Przez ostatnie 20 lat, naukowcy stworzyli różne typy wektorów adenowirusowych, bazując głównie na modyfikacjach ich genomu przy wykorzystaniu metod biologii molekularnej. Jako pierwsze zostały użyte tzw. wektory pierwszej generacji o pojemności 8kb, charakteryzujące się delecją genu E1 (wymaganego do replikacji) i z optymalizowanym regionem genu E3. Wektory te mogą pośredniczyć w silnej, ale krótko-terminowej ekspresji genu. Czas trwania ekspresji genu jest jednak ograniczony, ze względu na obecne w wektorze wirusowe geny, które pomimo delecji E1 ulegają na niskim poziomie ekspresji, w efekcie wiąże się to z bezpośrednią toksycznością dla biorcy. Oprócz tego, produkty genów, w tym i transgenu, indukują odpowiedź immunologiczną prowadzącą w ostateczności do zaniku ekspresji genu. Ta cecha z pewnych względów niekorzystna, może przyczynić się do wykorzystania tych wektorów do produkcji genetycznych szczepionek. Kolejna generacja wektorów Ad, charakteryzująca się nie tylko delecją E1, ale także dezaktywacją genów E2 i/lubE4, dzięki czemu ekspresja wirusowych genów jest jeszcze bardziej zredukowana, a ekspresja transgenu w porównaniu z wcześniejszymi wektorami Ad jest wydłużona i nie daje tak silnej odpowiedzi immunologicznej. Zwiększenie pojemności nośnika do 36kb poprzez usunięcie wszystkich wirusowych kodujących sekwencji doprowadziło do powstania trzeciej generacji wektorów Ad. Nie są one już toksyczne dla "biorcy", a ich immunogenność jest ciągle redukowana, pozwalając na długoterminową ekspresję transgenu w takich narządach jak wątroba, oko czy mózg. Jedną z przyjętych strategii, są chemiczne modyfikacje powierzchni kapsydu wirusowego wektora Ad za pomocą syntetycznych polimerów. Najpowszechniej stosowany jest poli-N-(2-hydroksypropylo)metakrylamid (poly-HPMA) i glikol polietylenu (PEG), przy czym ten drugi związek jest powszechniej stosowane ze względu na modyfikacje białek biofarmaceutycznych. Jedną z zalet takich modyfikacji w porównaniu z genetycznymi manipulacjami, jest możliwość podjęcia działań już po wytworzeniu i oczyszczeniu wektora, co umożliwia również wykorzystanie konwencjonalnych komórek jako "producentów"

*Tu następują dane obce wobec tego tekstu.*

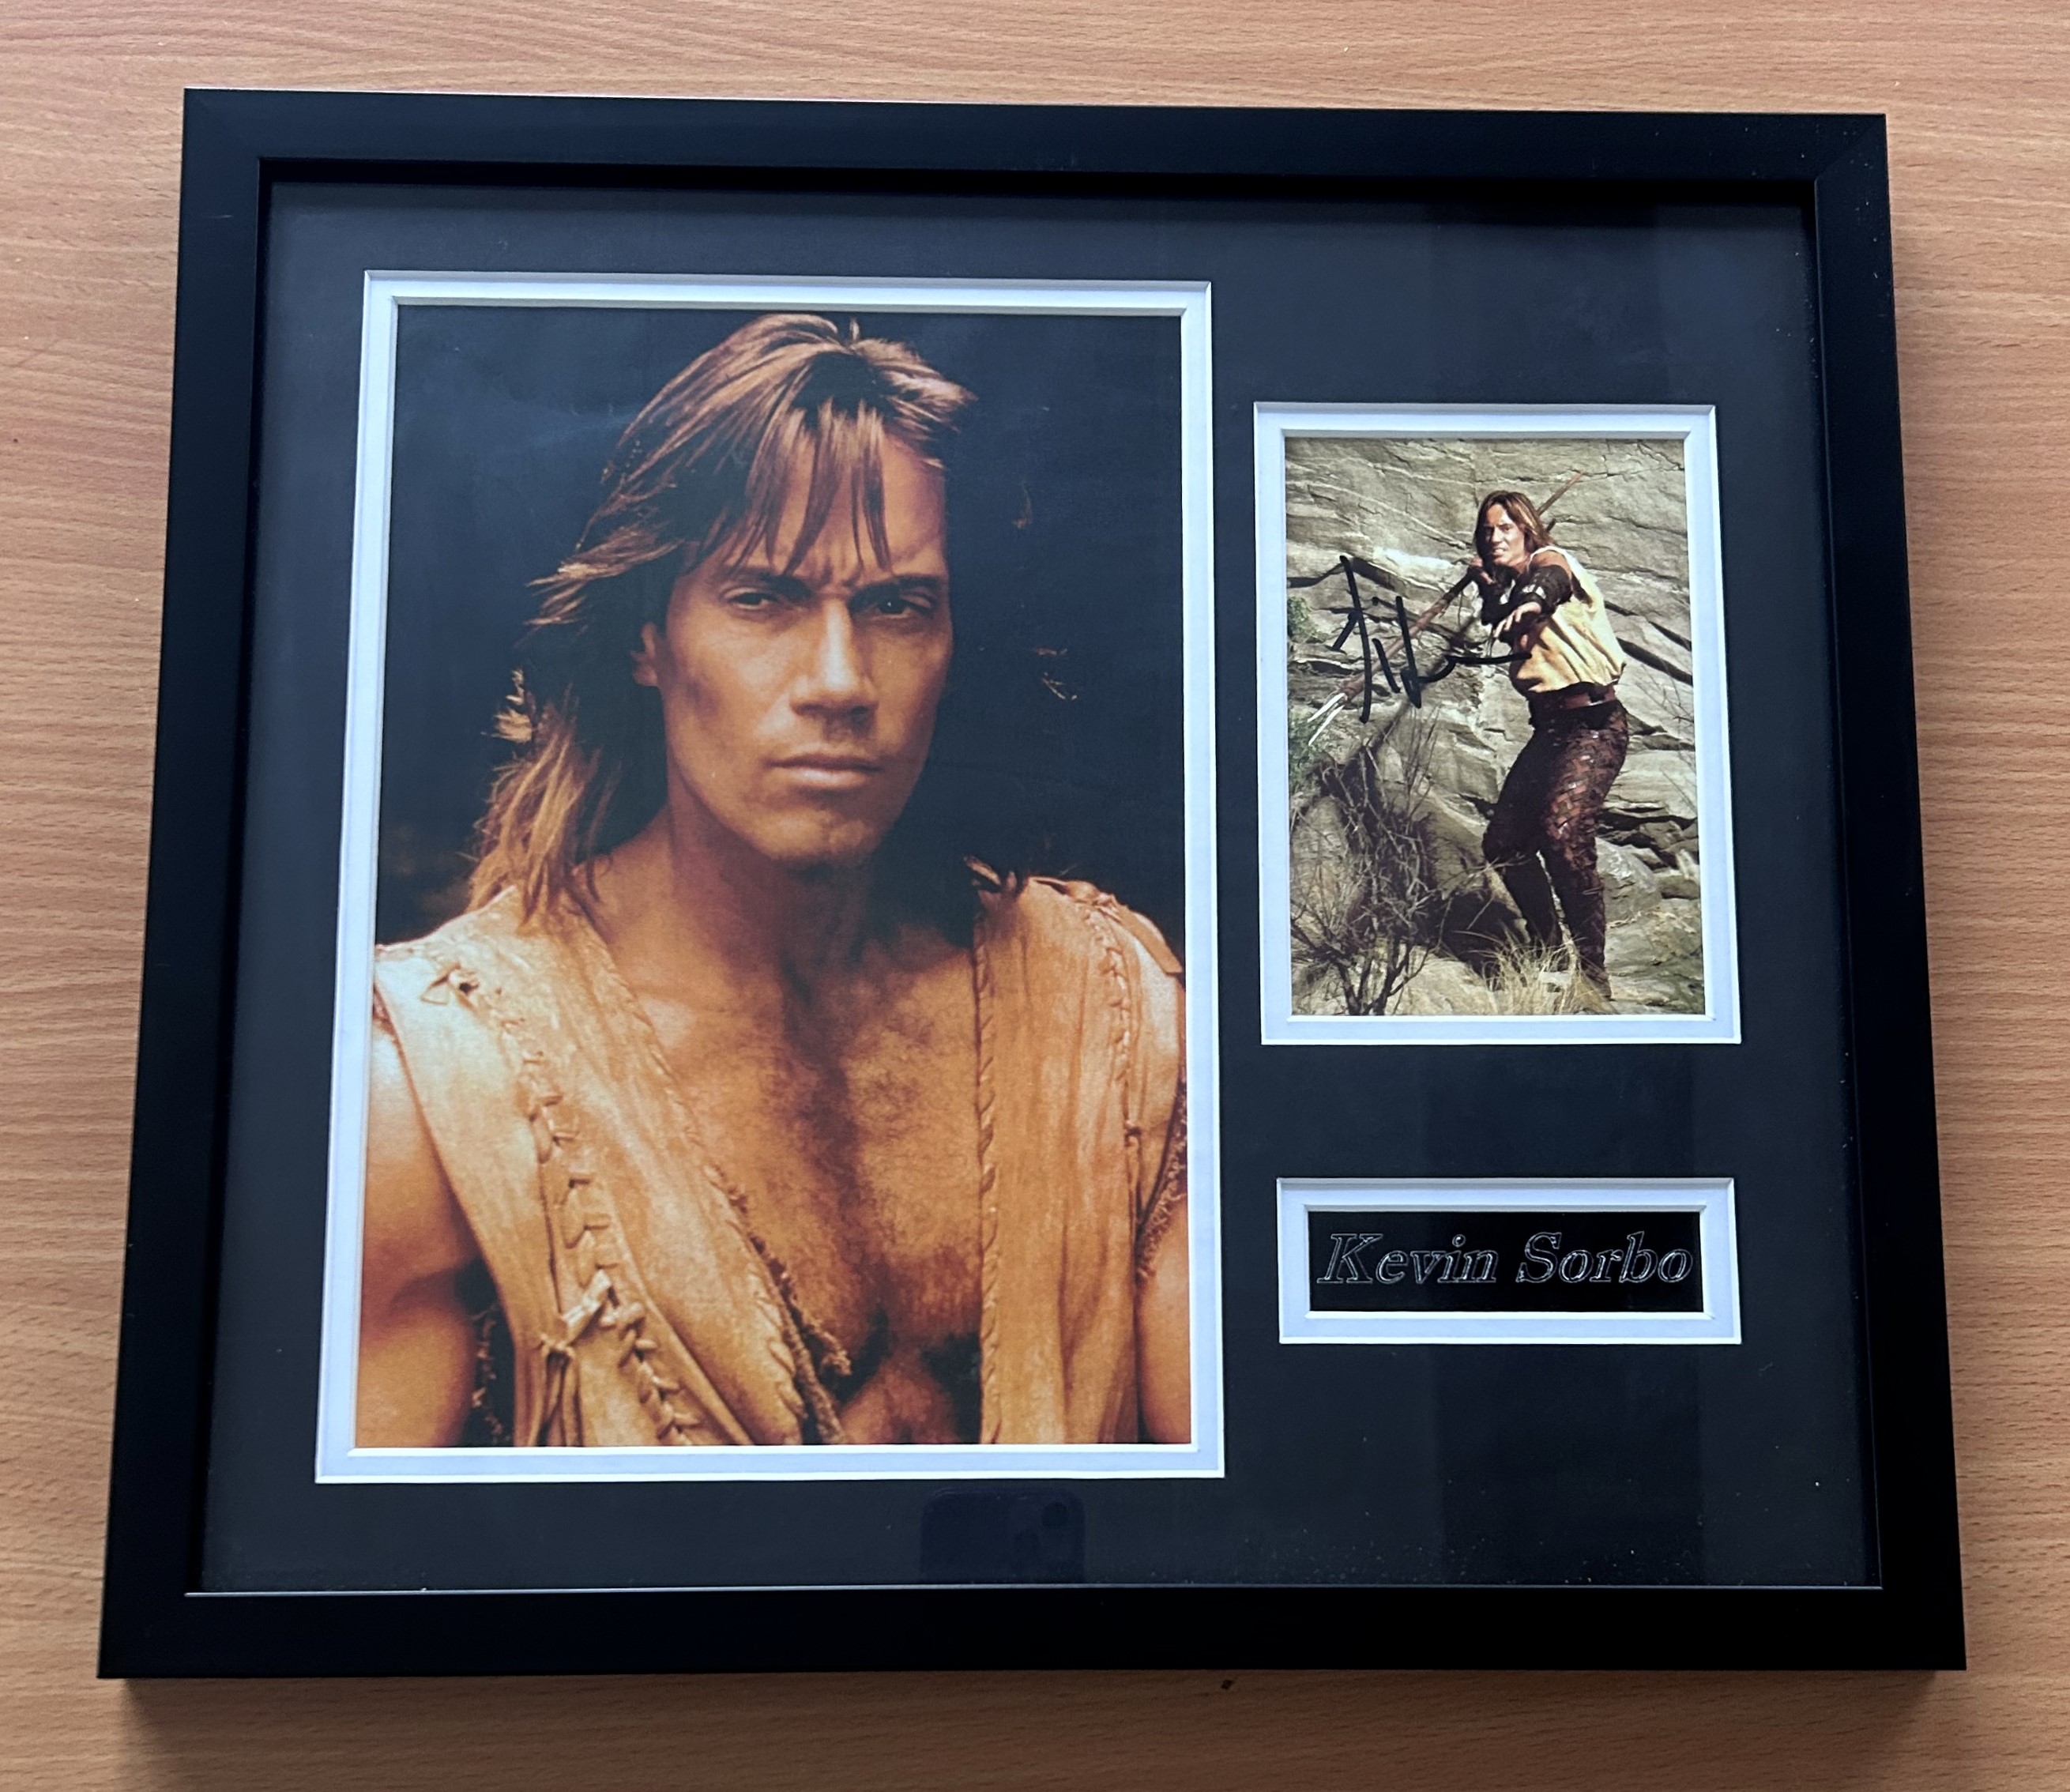 Kevin Sorbo signed frame 2 colour photos, 1 signed and name plaque. Measures 15"x17" appx. Good

wektorów. Dodatkowo chemiczna modyfikacja kapsydu może być przygotowana w taki sposób, że w efekcie tysiące aminokwasów powierzchni wirusowego płaszcza mogą być zmienione równocześnie, co jest niemożliwe na drodze modyfikacji genetycznej. Podczas ostatnich paru lat pewne ograniczenia tej techniki stały się oczywiste, tj. np. zmiany w biodystrybucji po dostaniu sie do ustroju.
Mimo ciągłej redukcji pierwotnej odpowiedzi immunologicznej, zabiegi nadal nie są w pełni efektywne. Naukowcy szczegółowo przeanalizowali modyfikacje polimerami i wyznaczyli kierunki przyszłych badań opierających sie na tej technologii. Z pewnością do dalszego progresu metodyki niezbędne będzie wykorzystanie większych modeli zwierzęcych, gdyż dotychczas badania przeprowadzane były tylko na myszach.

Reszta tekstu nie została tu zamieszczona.